Я вообще-то трус, но высоты не боюсь ничуточки. Правда, меня укачивает в самолете, но это не от боязни падения, а от чего-то другого. Бабушка говорит – от перепадов давления.

Ну, вот я вспрыгнул и пошел. Доска прогибалась, но не очень. Да и длина-то – всего семь шагов! Я прошел их, можно сказать, играючи. Даже никакого замирания не почувствовал. Вернее, почувствовал, но уже после, когда прыгнул на пол.

Прыгнул – и опять увидел Ивкины глаза, большущие и со слезами. Ивка был без шапки, и волосы его, светлые и легкие, были странно приподняты. Наверно, про это и говорят “встали дыбом”.

Ивка вцепился в мой рукав и шепотом сказал:

– Ты больше никогда… Ладно?

– Ладно, – пообещал я, чтобы он не заплакал.

– Ну, ты герой, – выдохнул Семка.

Я сказал:

– Герой – это когда боишься и все равно идешь, назло страху.

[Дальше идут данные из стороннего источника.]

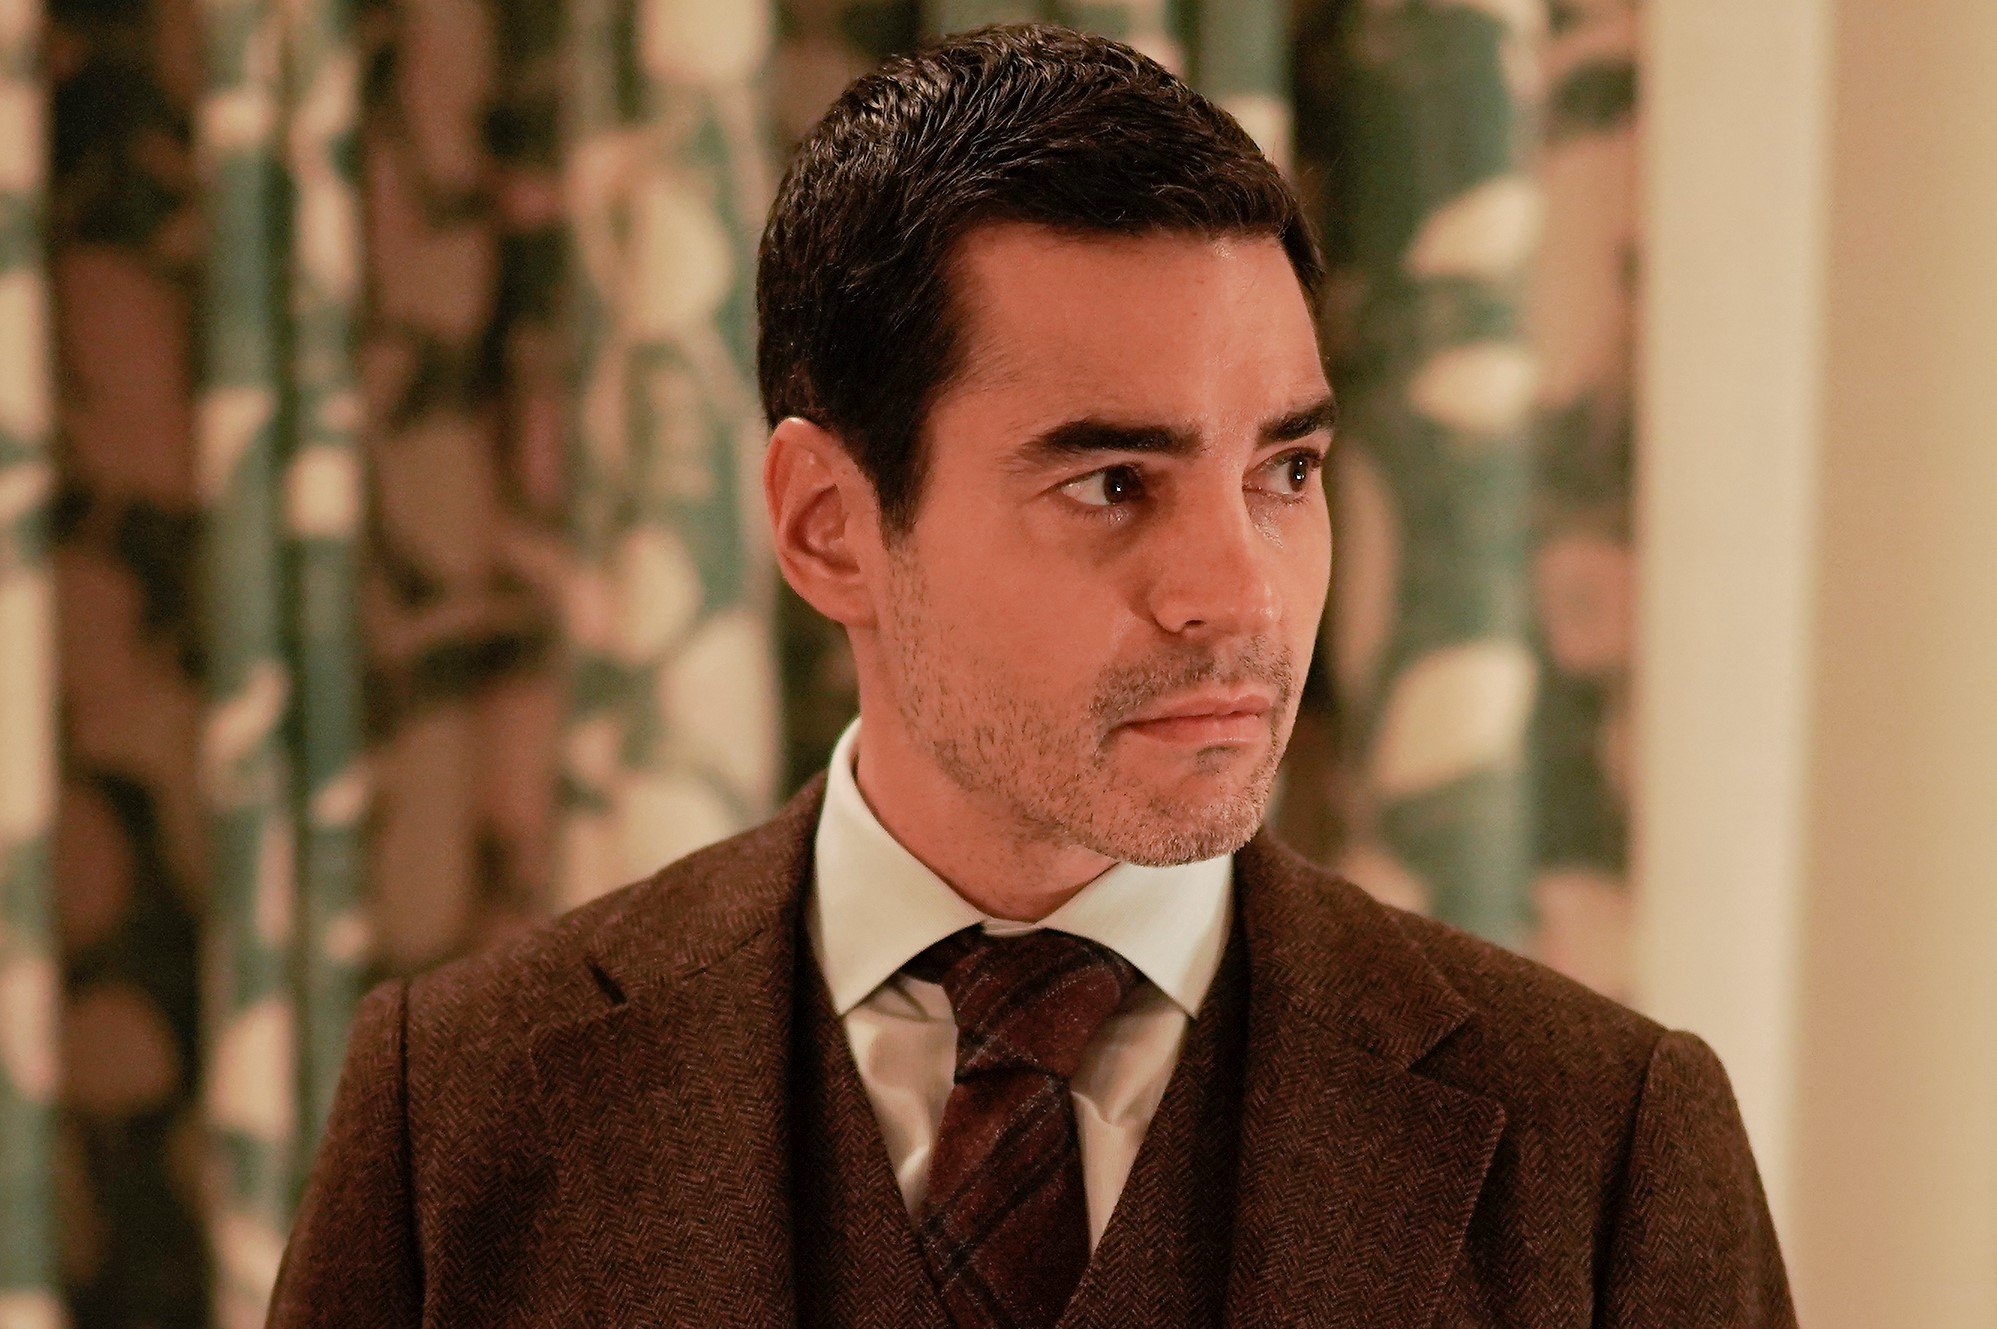 Ramón Rodríguez, in character as Will Trent in 'Will Trent' Season 1, which doesn't air a new episode tonight, Feb. 7, wears a brown three-piece suit over a white button-up shirt and dark red plaid tie.
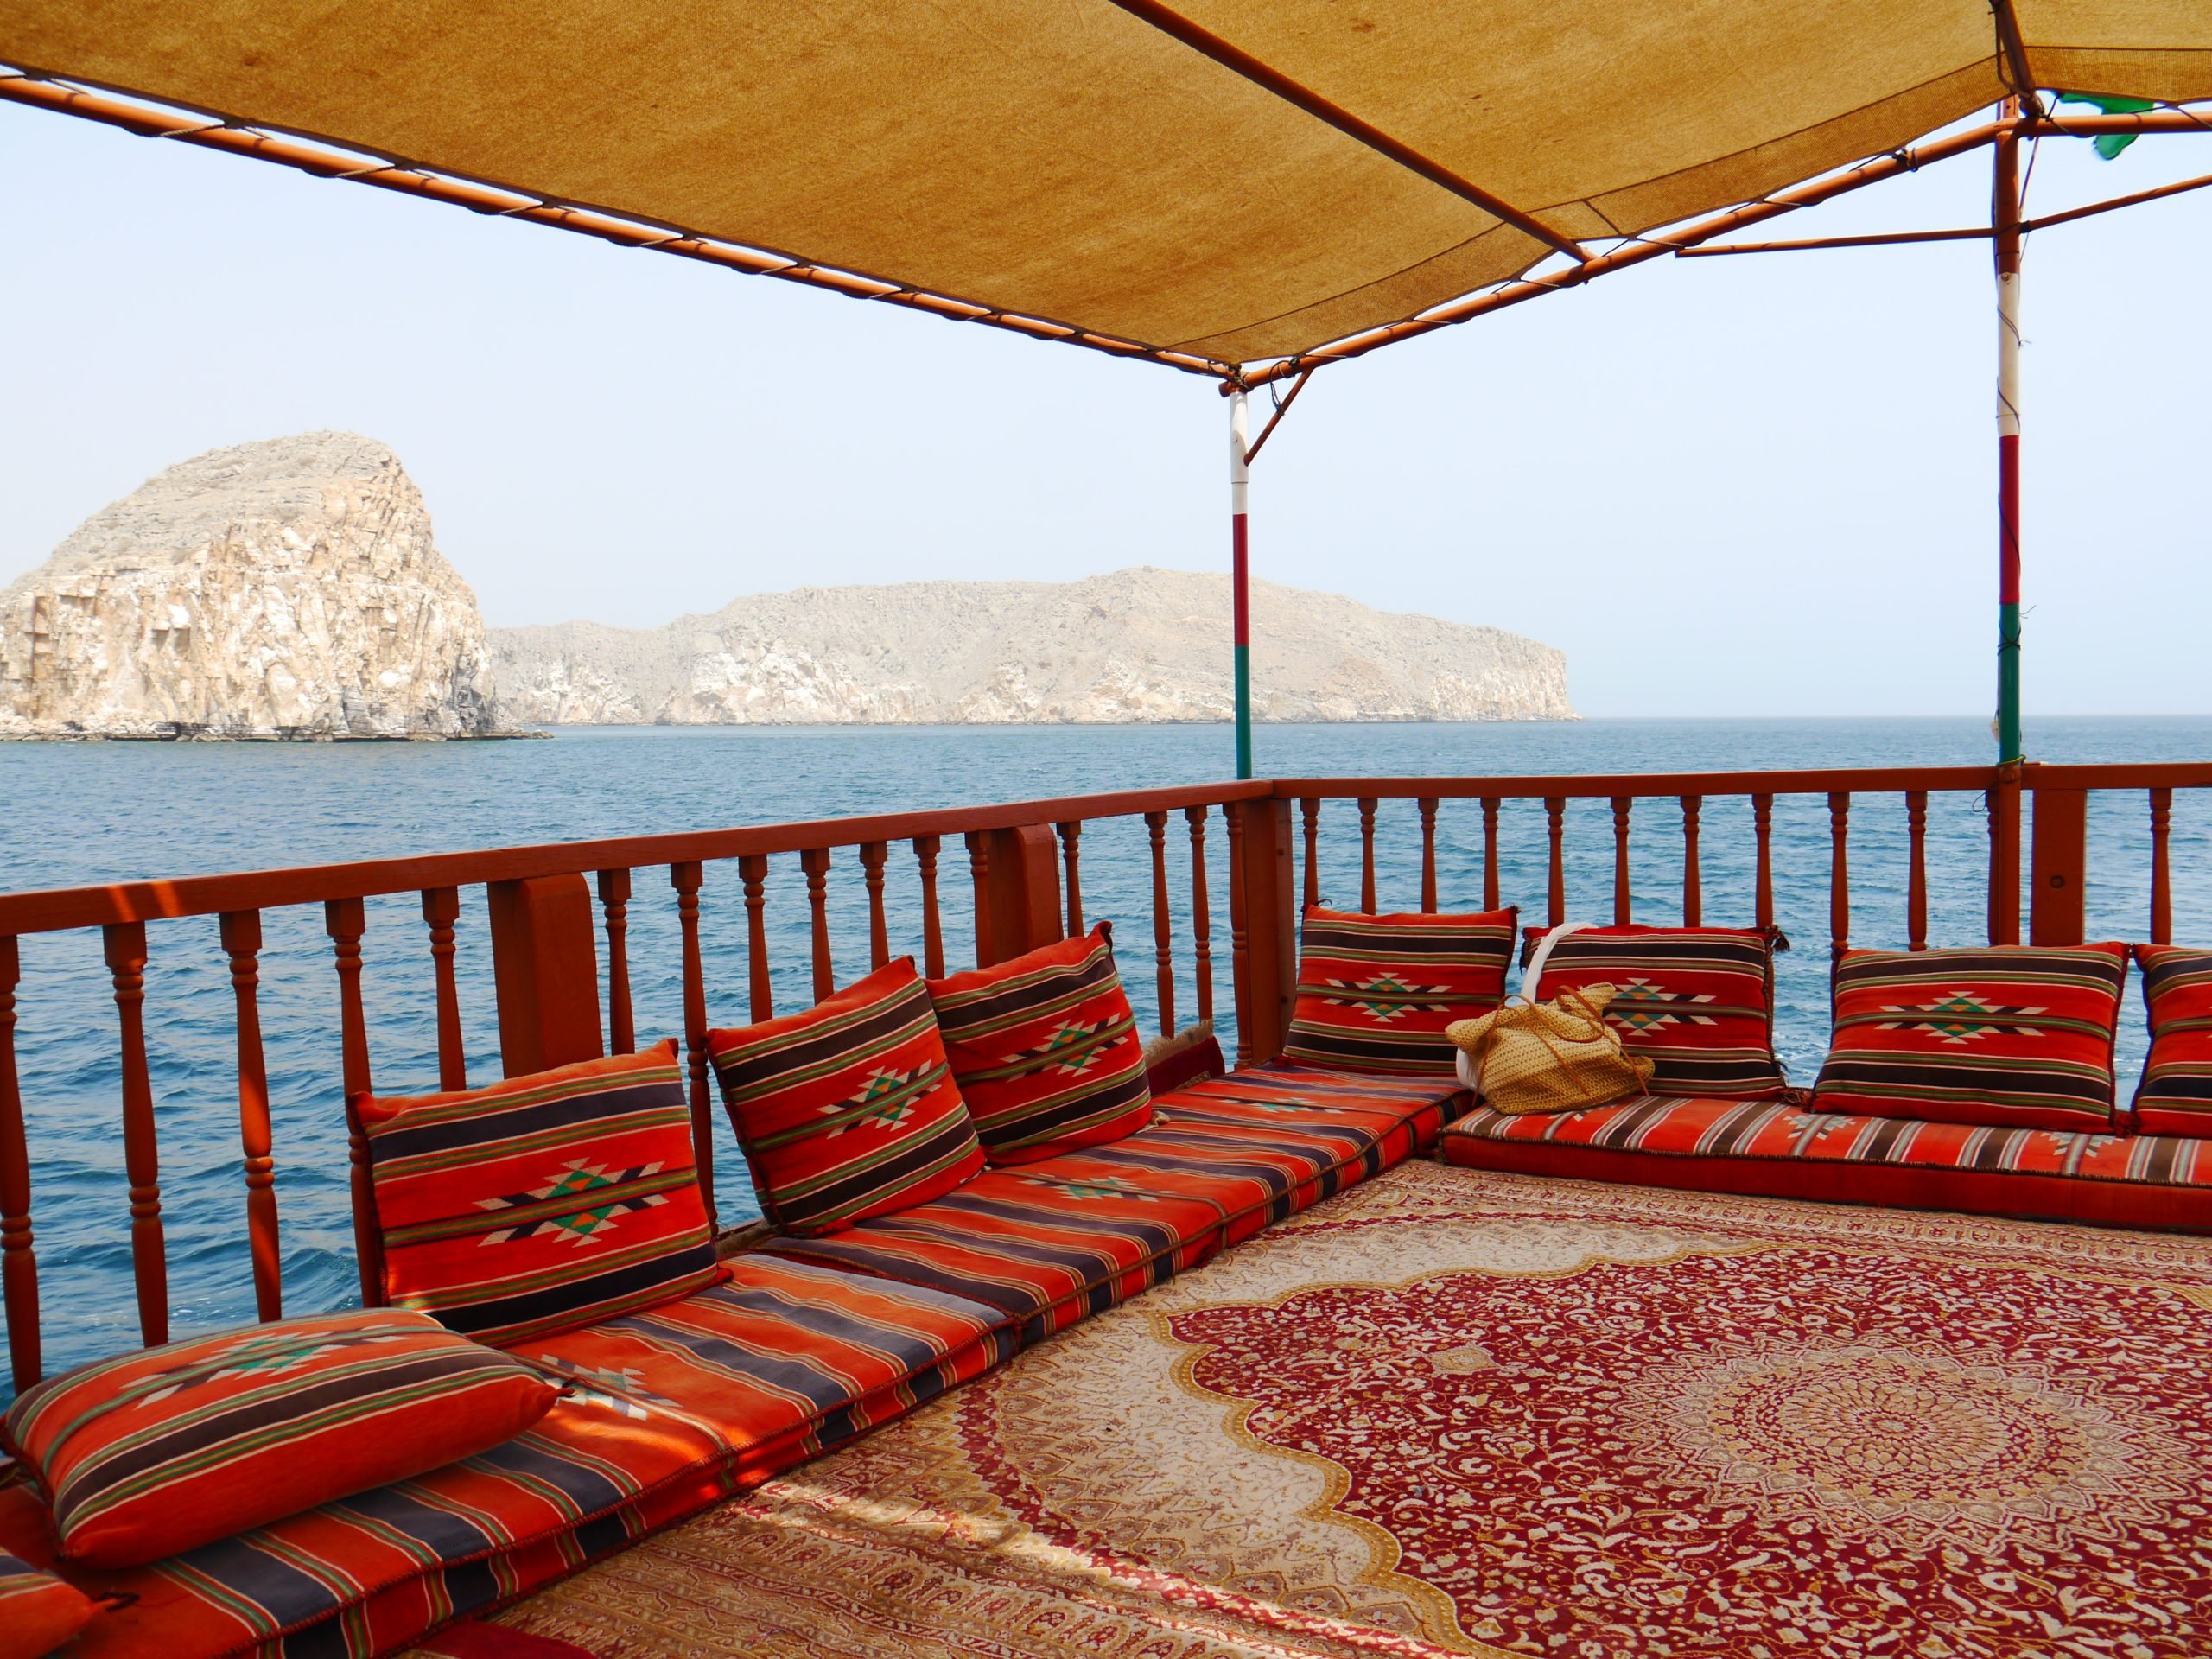 view onside a traditional dhow boat with pillows and carpet cruising the magnificant fjords of Khasab, Musandam, Oman, Middle East

А если не страшно, какое геройство?

Семка и Вовчик замигали, обдумывая такую мысль.

– Давайте скинем вниз эту доску, – насупленно предложил Ивка.

– Грохот будет, взрослые прибегут, – рассудил Вовчик.

– Ивка, не бойся, я правда больше не буду, – снова пообещал я.

Но теперь я знал, что нарушу обещание. Меня толкала ненависть и… радость. Сейчас ты добегаешься, Лыкунчик!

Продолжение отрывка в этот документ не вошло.